Clone is an identity with new memory. The same way you could use new = t.view_as(t) would be an identity with the exact same memory.
The main use of clone is to be able to do inplace operations on the result without impacting the original Tensor.
Note that in pytorch, all functions will be differentiated and give you gradients. The only exception is .detach() that is defined as setting all gradients to 0 and the ops inside a torch.no_grad() block that are not tracked.
Yes. If you want to have a new Tensor that has no gradient history, you should use detach().
Note that the result of detach() uses the same memory space as the original Tensor. So if you plan on modifying it inplace, you want to do .clone().detach().
I plan to create a completely separate computation graph (and don’t want the call of backwards to interfere with each other). For that I am running requires_flag=True immediately after .detach(). Is that the right thing to do?
However, the original wt is going to collect gradients with respect to the original graph. So if I call .detach() wouldn’t it collect the gradients for both graphs in the same tensor? That’s definitively not what I want. I want separate gradients (or at least that’s my rationale for calling .clone() first and then .detach()). What are your thoughts master albanD?
In pytorch, it is different to have different Tensor and have different memory.
When you do b = a.detach(), a and b are two completely different Tensors that look at the same memory.
Just like b = a.view(-1) are two different Tensors that look at the same memory.

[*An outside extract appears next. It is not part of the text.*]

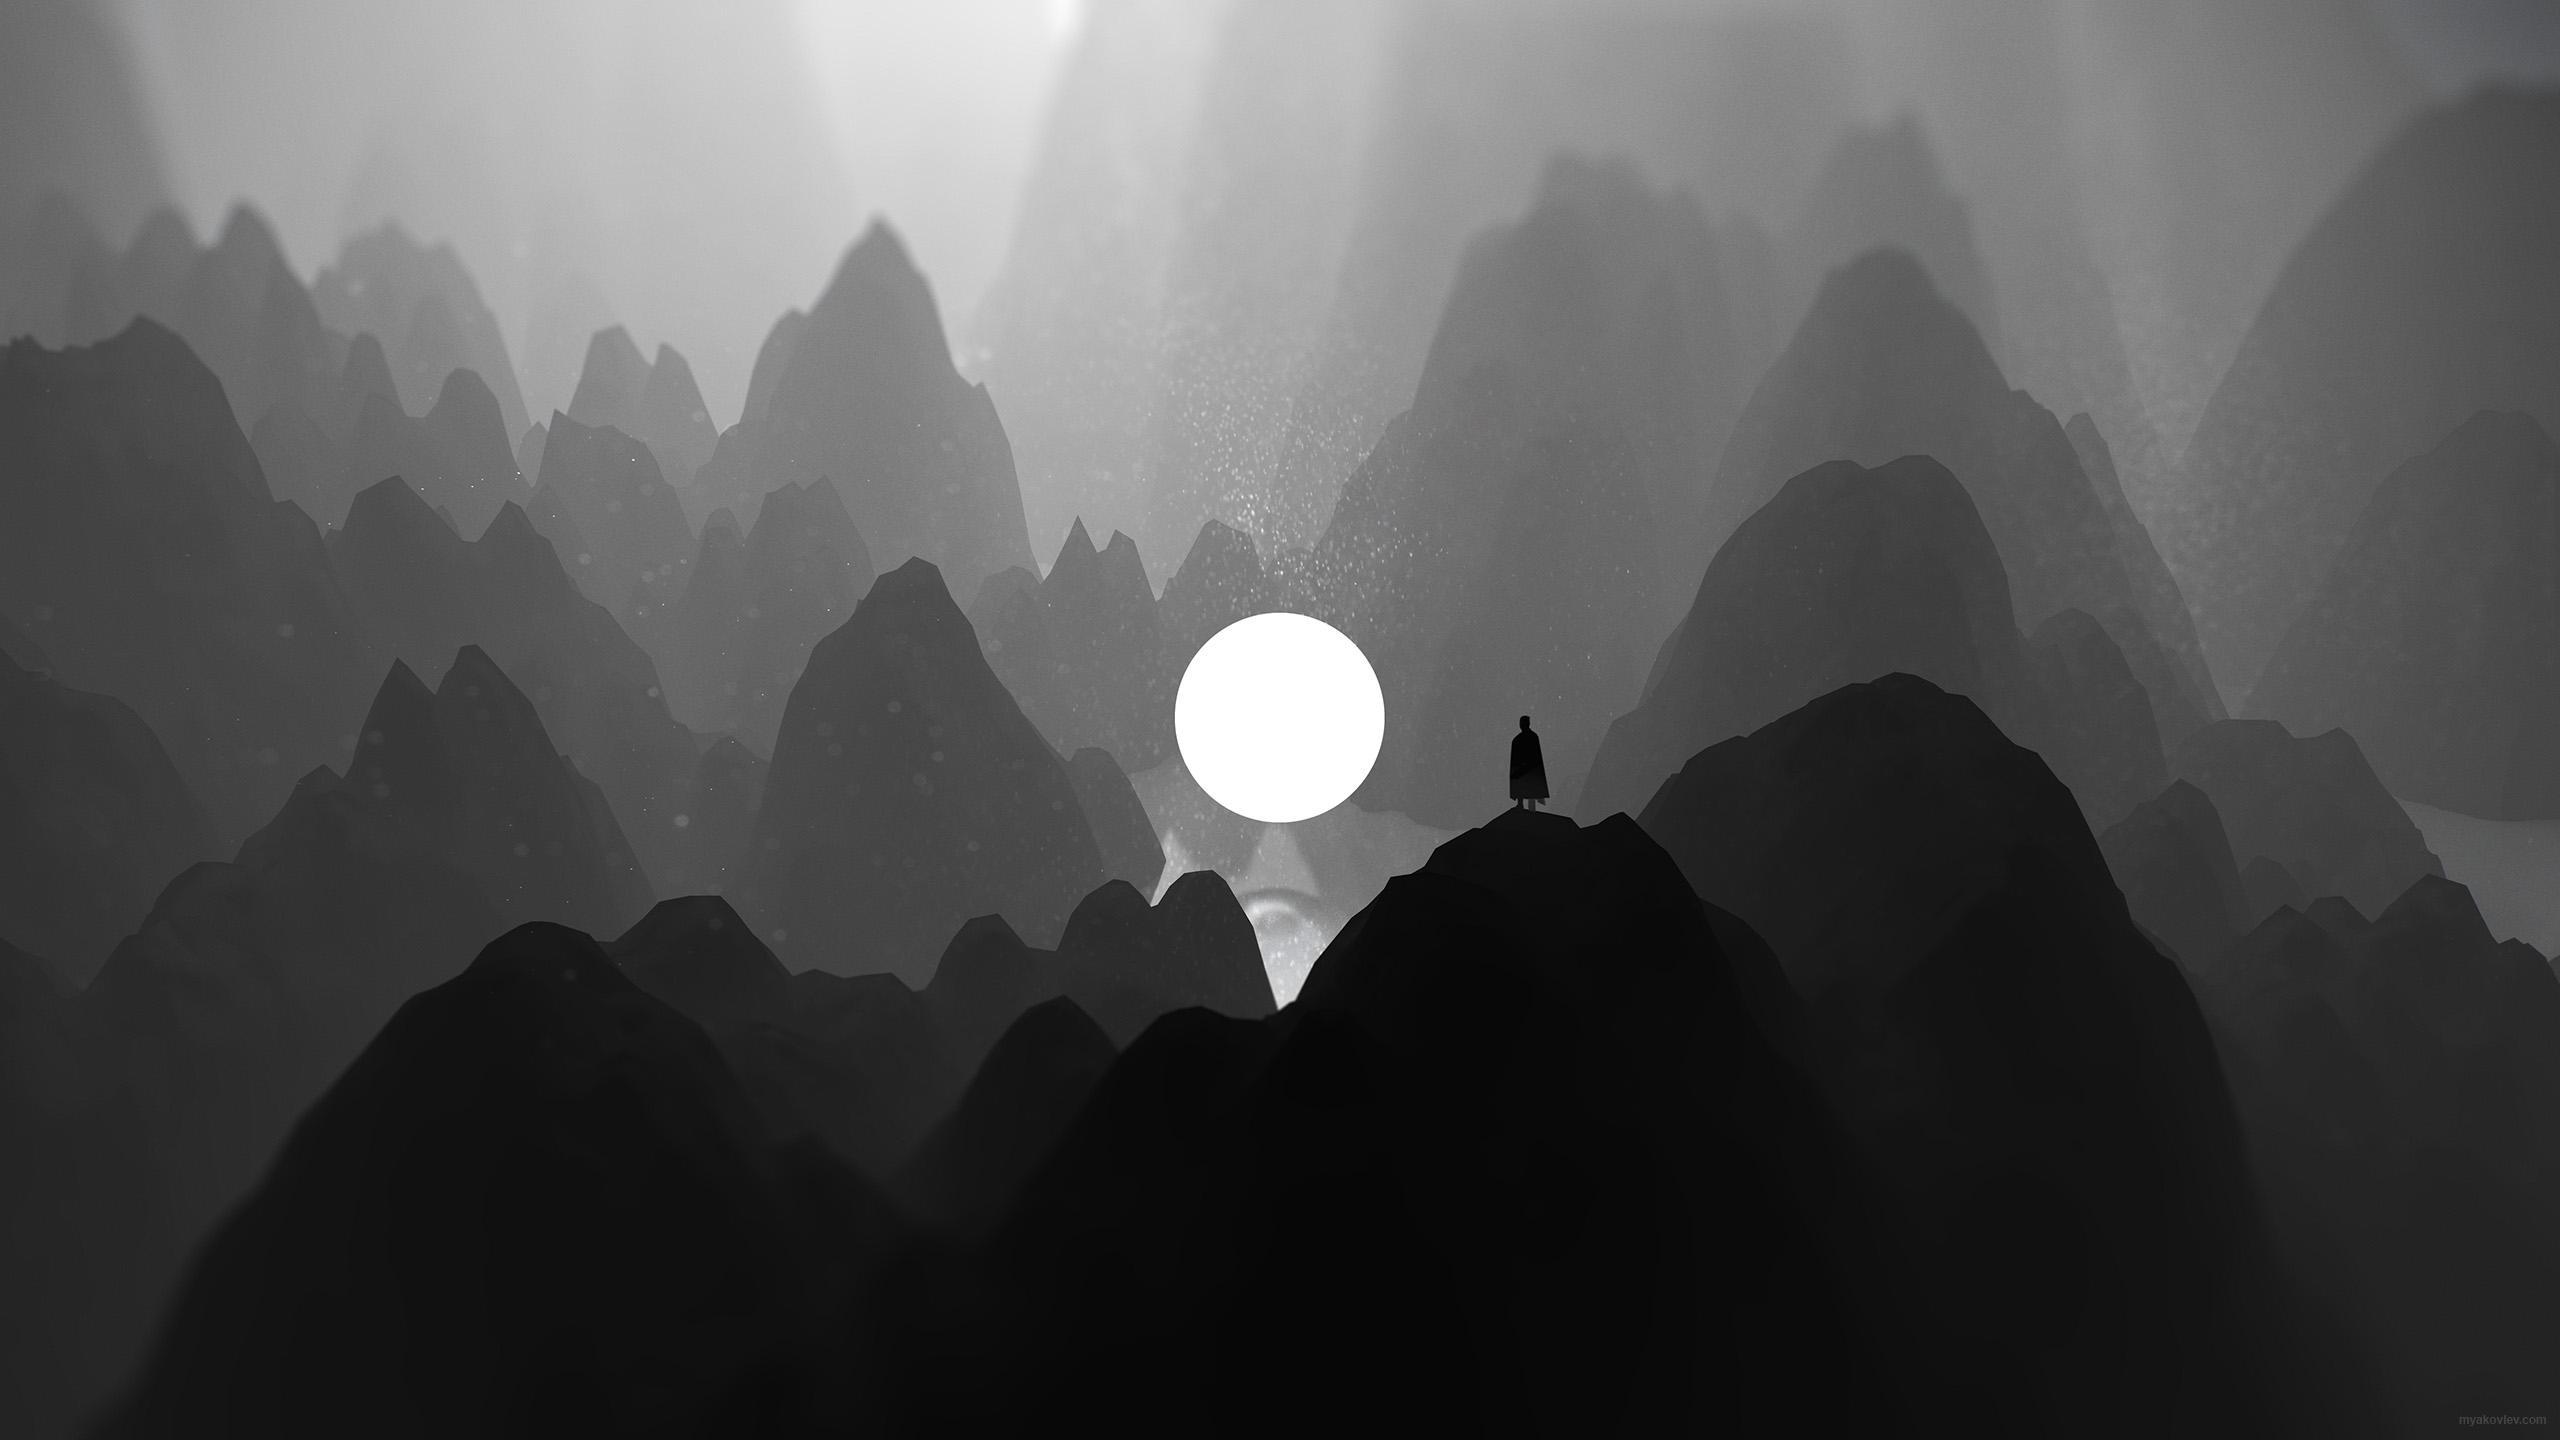 General 2560x1440 artwork digital art monochrome loneliness alone
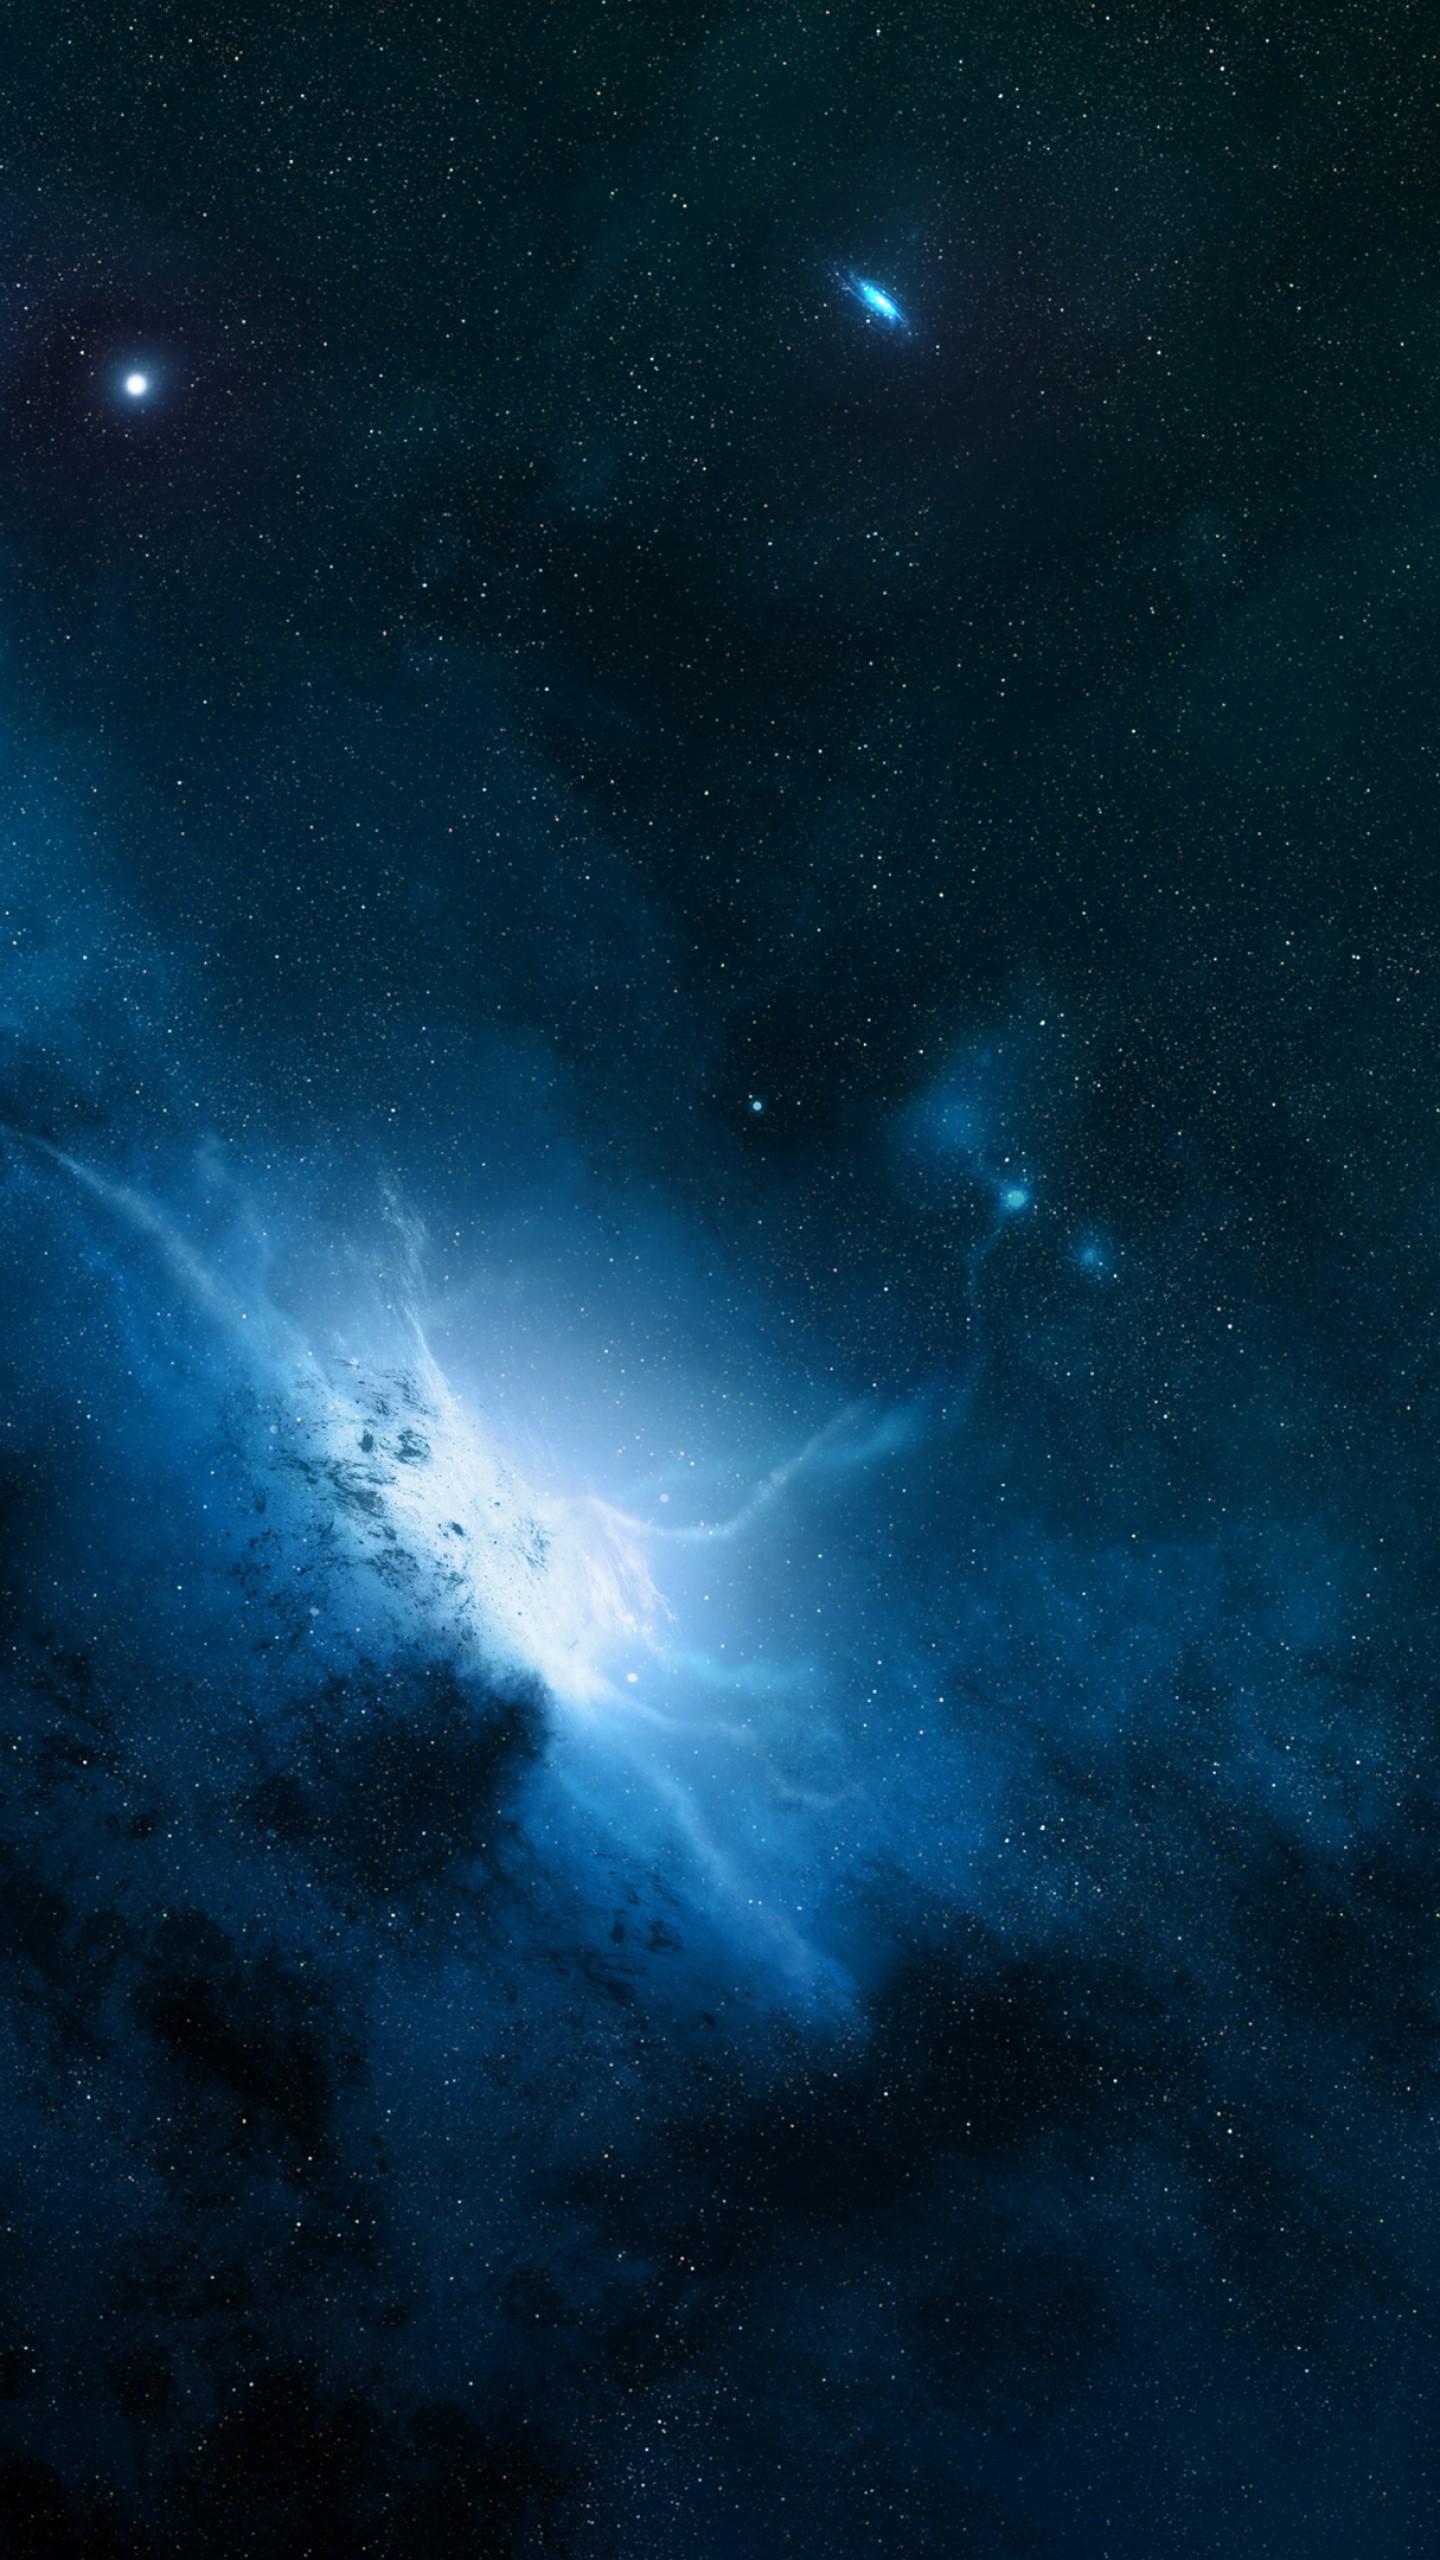 Wallpaper Nebula Space Stars Andromeda Space 5504

The inplace version (that would modify the Tensor inplace) is a.detach_() or b = a.detach_(). If you do this, then a and b actually point to the exact same python object (check that id(a) == id(b)) and same Tensor.
I guess to answer my own question, I do not need to call clone it seems. The new tensor tracks its own memory space for its gradients automagically (without interference, so it doesn’t collect the same gradients for both graphs in the same place):
import torch
a = torch.tensor([2.0], requires_grad=True)
b = a.detach()
b.requires_grad = True
la = (5.0 - a)**2
la.backward()
print(f'a.grad = {a.grad}')
lb = (6.0 - b)**2
lb.backward()
print(f'b.grad = {b.grad}')
result:
a.grad = tensor([-6.])
b.grad = tensor([-8.])
of course you guys would have thought of a good implementation of this! Not surprised!
I can’t think of one except making 2 variables pointing to different memories and then doing inplace ops separately for each one or something like that…which seems dangerous…
There are a few.
For example if you want to save the current state of the weights of your net, you want to clone because the optimizer update works inplace and so your save will change with your network if you don’t clone.
My earlier post checked that two tensors really are detached by comparing gradients. Is there an internal flag to check something like this? A nicer way to check that b is detached?
that’s not enough because I am setting the requires gradients true myself later. See sample script (where in it I check they are actually detached and form a separate graph by computing gradients I manually know how to check, but thats harder to check in a complicated net however):
import torch
a = torch.tensor([2.0], requires_grad=True)
b = a.detach()
b.requires_grad = True
la = (5.0 - a)**2
la.backward()
print(f'a.grad = {a.grad}')
lb = (6.0 - b)**2
lb.backward()
print(f'b.grad = {b.grad}')